Dongkkka/pi0_dashboard_0904_20k_16bs
PI0: Cyclo dashboard, 20,000 steps, batch size 16
Final 20,000-step checkpoint for pick up the bottle and place it into basket. The trained LoRA adapter is merged into its pinned base model for ordinary LeRobot policy loading. Saved processors and normalization statistics are included.
Training
- Batch size: 16; optimizer steps: 20,000; seed: 42.
- Base:
lerobot/pi0_base, revision25c379b52ba2ff8788cab921758a3cc3fe3f77f2. - LoRA rank 16, alpha 32; BF16; learning rate 1e-4 to 1e-5; warmup 1,000.
- All 28 episodes / 5,133 frames used for training; no held-out split.
- Cameras:
observation.images.rgb.cam_left_head,observation.images.rgb.cam_left_wrist,observation.images.rgb.cam_right_wrist. - State/action dimension: 22; action chunk: 50.
- First 19 action channels are absolute joint positions; last three are mobile-base velocities.
- State and action use the saved mean/std normalization; relative actions are disabled.
Loading
from lerobot.policies.pi0.modeling_pi0 import PI0Policy
from lerobot.policies.factory import make_pre_post_processors
repo_id = "Dongkkka/pi0_dashboard_0904_20k_16bs"
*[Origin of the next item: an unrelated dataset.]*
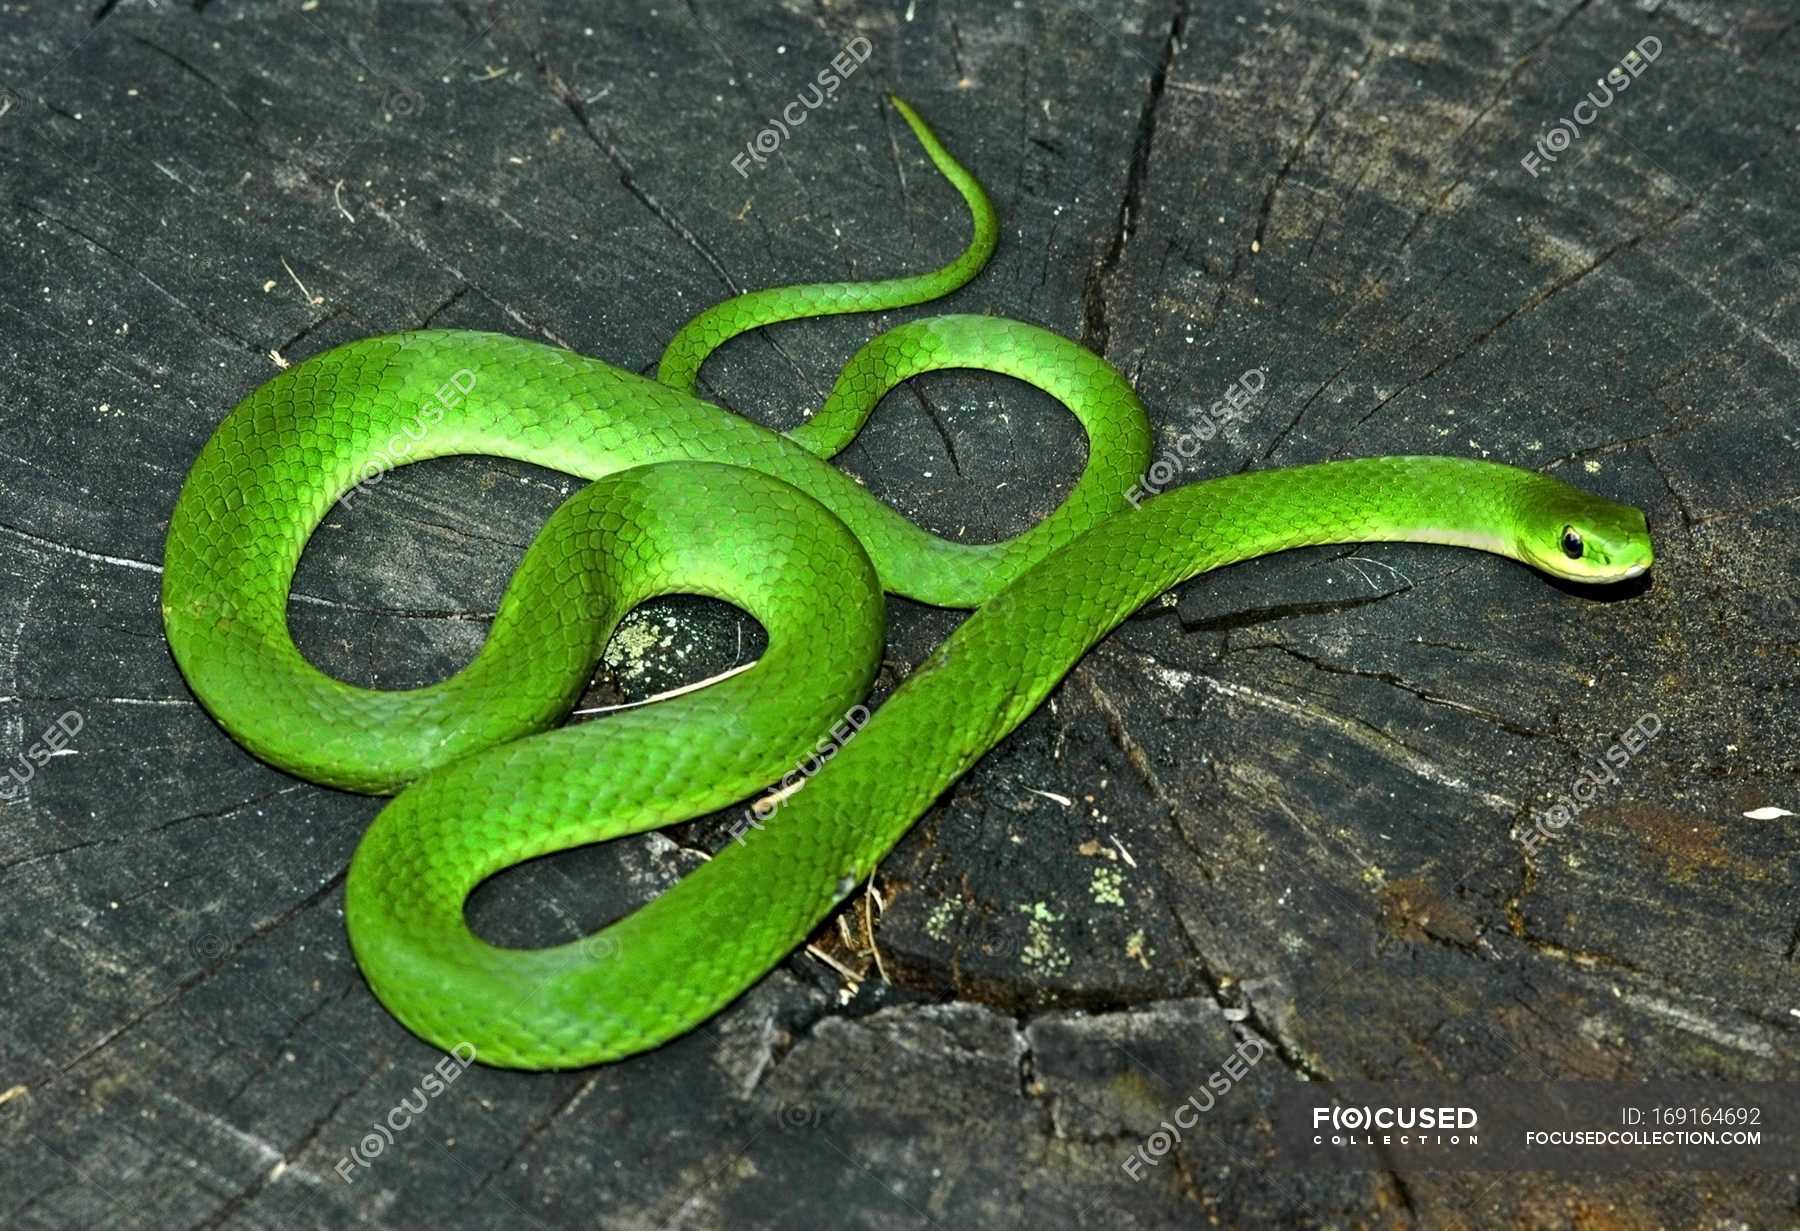 Bright Green Snake — Stock Photo | #169164692

policy = PI0Policy.from_pretrained(repo_id).to("cuda").eval()
preprocessor, postprocessor = make_pre_post_processors(
policy.config, pretrained_path=repo_id,
preprocessor_overrides={"device_processor": {"device": "cuda"}},
)Use the Cyclo LeRobot environment used for training. The saved processor references the google/paligemma-3b-pt-224 tokenizer, which is fetched separately when needed. train_config.json preserves the original training paths and LoRA configuration for provenance; the published model itself has the adapter merged. Optimizer and resume states remain in the local training checkpoint.
Verification
Training completed successfully at step 20,000. Base weights loaded strictly and all loaded adapter tensors matched the saved adapter exactly. Safe merging, saved-weight comparisons after reload, and finite (1, 50, 22) inference from one training observation passed. BF16 before/after merge differences are recorded in merge_report.json. This is a serialization and inference check, not a robot success-rate or held-out generalization evaluation.